Legions v. Liberty Mutual Insurance Co.

703 S.W.2d 620 | Tenn. | 1986

OPINION

McLEMORE, Special Judge.

In this worker’s compensation case the Chancellor found that plaintiff’s injuries *621which were incurred on June 3, 1982, were a result of her misconduct, and that her injuries did not arise out of and in the course and scope of her employment. The plaintiff has appealed.

The plaintiff has been employed as county supervisor for the Crockett County Office of the Northwest Tennessee Economic Development Council since 1975. She supervises the office which offers services for the poor, including information referral and nutrition assistance. She is responsible for doing reports and record keeping in the office, as well as supervising two aides. The job requires that the plaintiff also do garden follow-ups, and, in some instances, transport patients to the doctor.

On June 3, 1982, the office was located behind a Crockett County school building. There were other offices located there. The number was not proved but the Unemployment Office, CETA, and Headstart were mentioned. There was a common parking lot for persons employed in or visiting these offices.

Approximately two years before plaintiff had purchased with her own money a used drink machine and placed it in the office. She testified that after she had recovered her cost in about a year after purchase, she considered the drink machine the property of the office, and the profits from the machine were used for supplies in the office and for refreshments at meetings.
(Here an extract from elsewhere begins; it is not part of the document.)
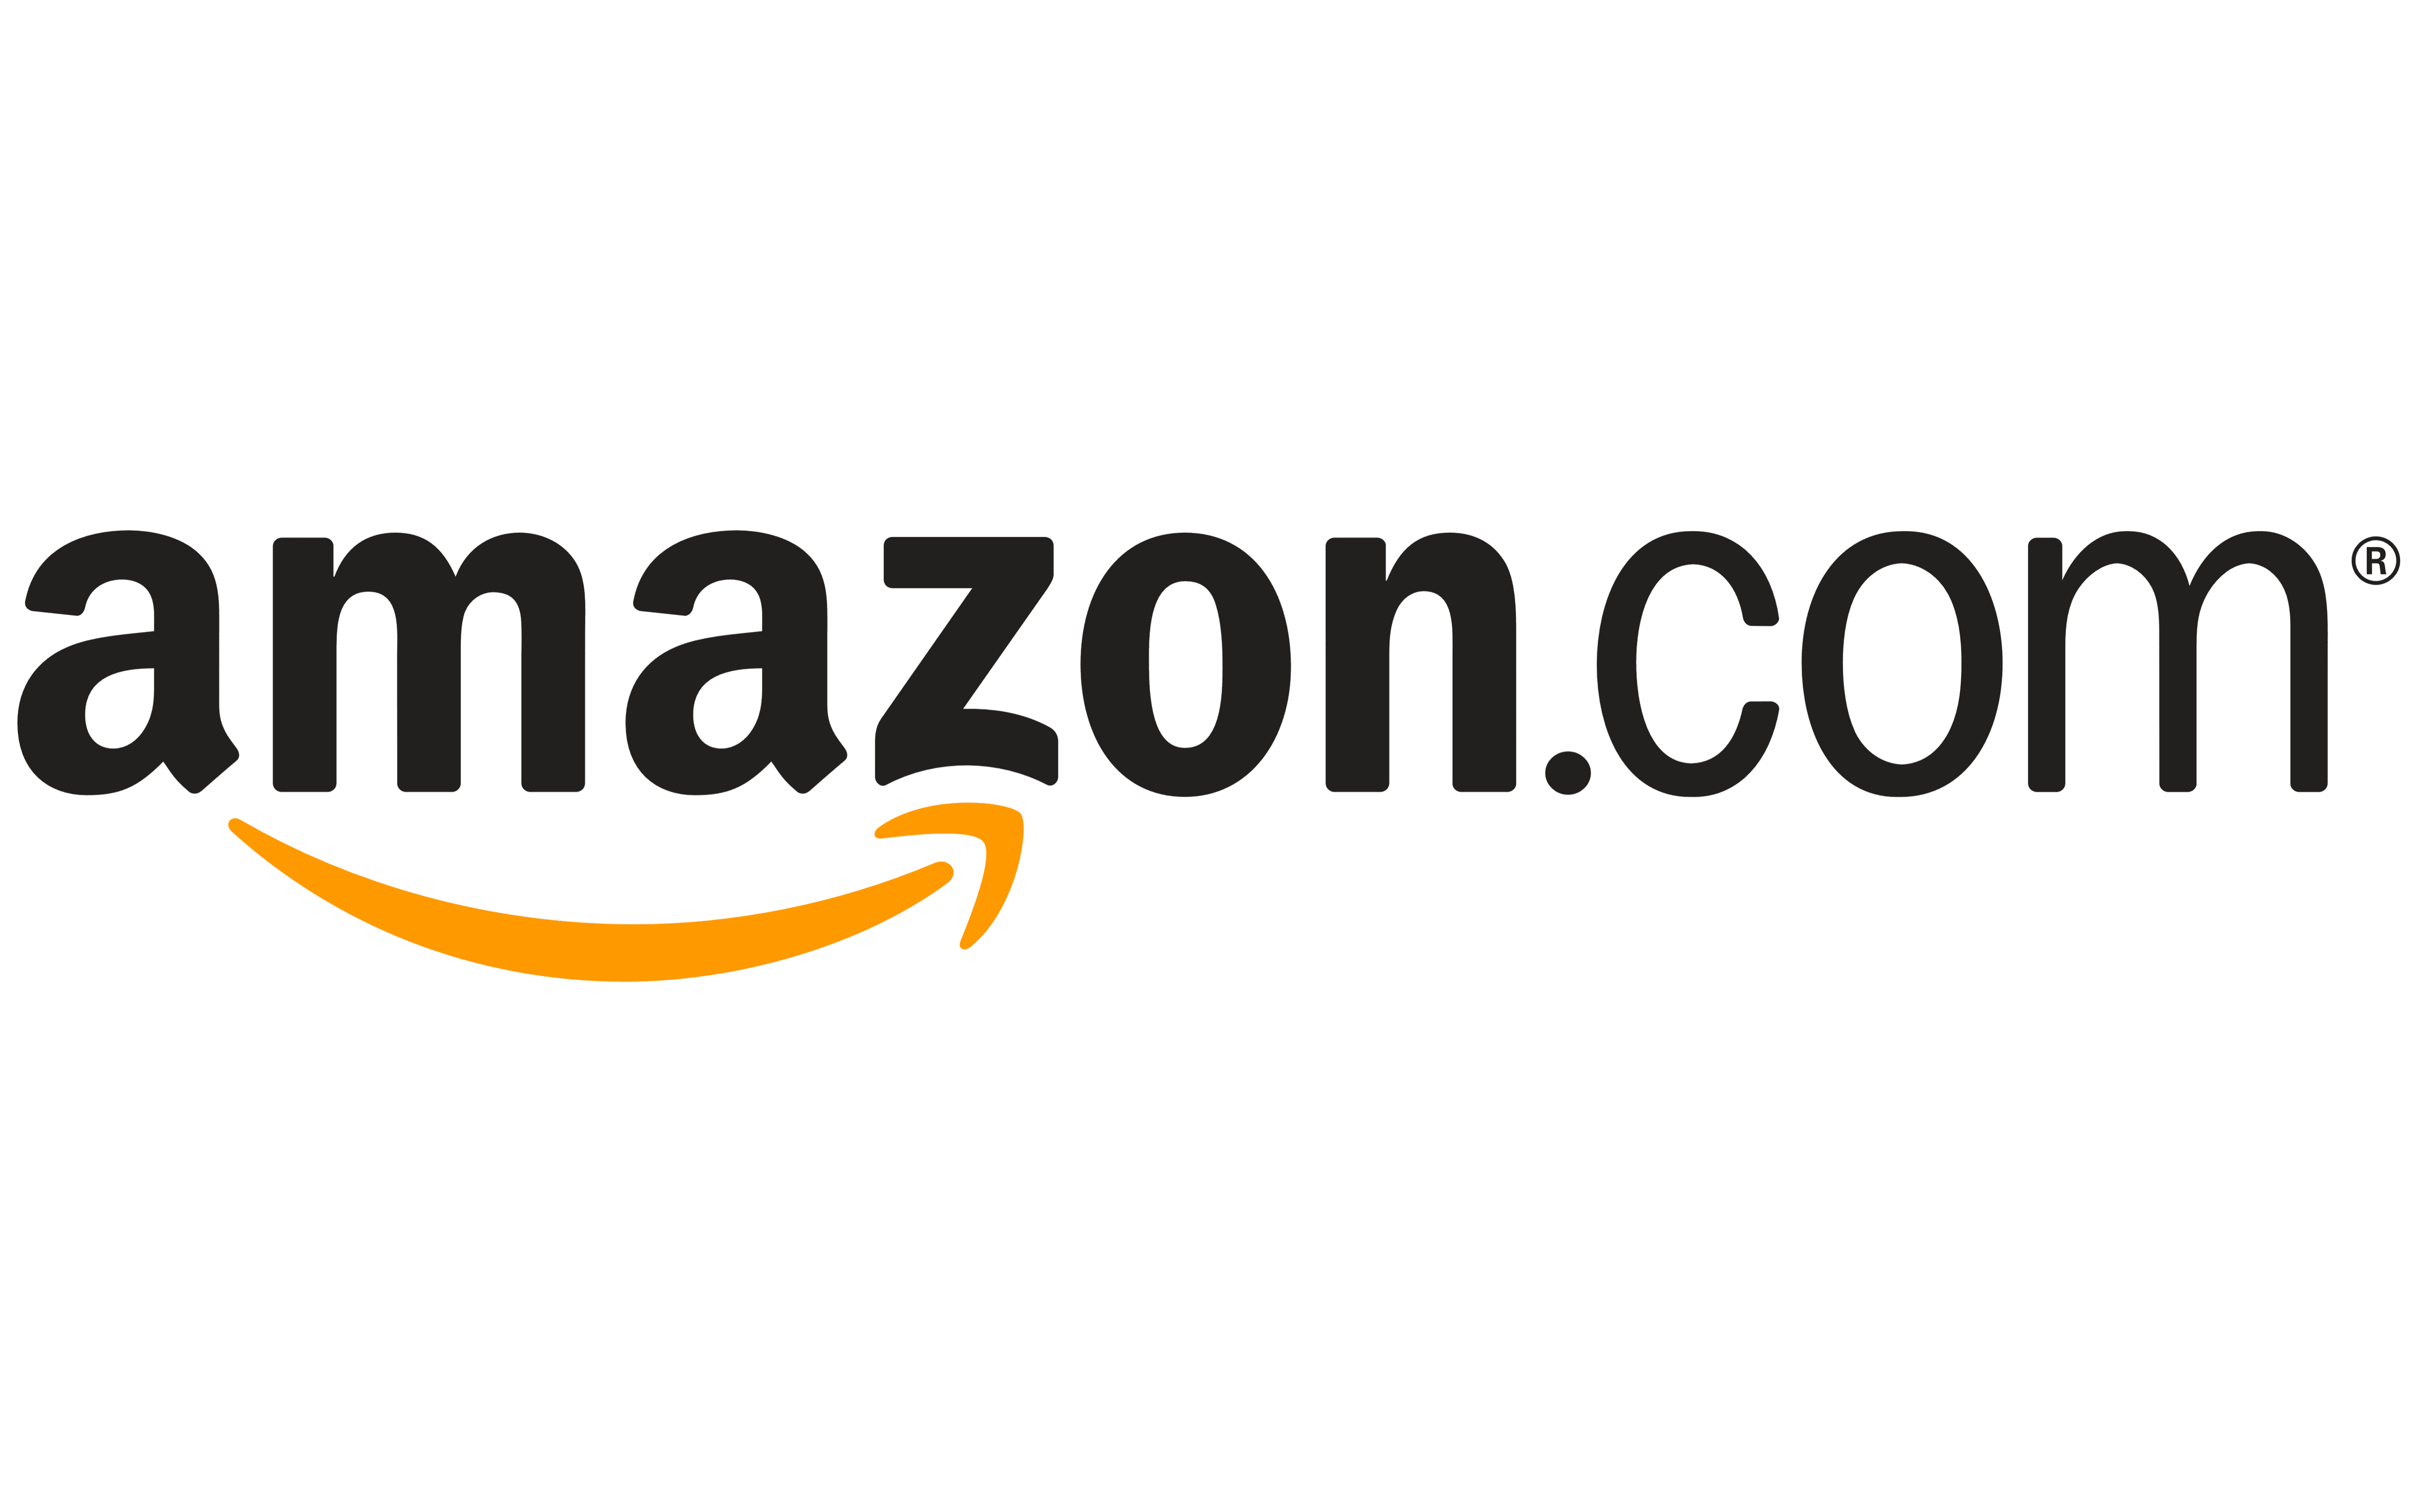 Amazon Logo, Amazon Symbol Meaning, History and Evolution - Amazon Company Logo

She also testified that drinks were purchased by the case for others, such as a church group, and that the Coke delivery man would bring their Cokes and there swap them out.

On June 3, 1982, a deliveryman for Coca-Cola, while delivering drinks for the drink machine and some extra for the church which was having a benefit, parked his delivery truck in the middle of the parking lot, thus blocking several parked cars so that they could not be moved from the lot.

Rex Lewis, who is employed by the Juvenile Court as a youth service officer, and who is a bonded deputy sheriff in Crockett County with the power to arrest, was visiting the CETA office on business. When Lewis came out of that office, he found that the Coca-Cola truck had blocked his car in the parking lot.

Lewis approached the deliveryman and asked him to move the truck. The deliveryman told him that he would move the truck when he was through and went inside with drinks. Lewis wrote the deliveryman a ticket, and the deliveryman again went inside “and asked one of the ladies if they’d come to the door and look to see where I was parked at because I didn’t have anywhere else to park.” At that moment, plaintiff was on the telephone, and an aide, Ms. Nettie Jelks, went outside and observed the situation.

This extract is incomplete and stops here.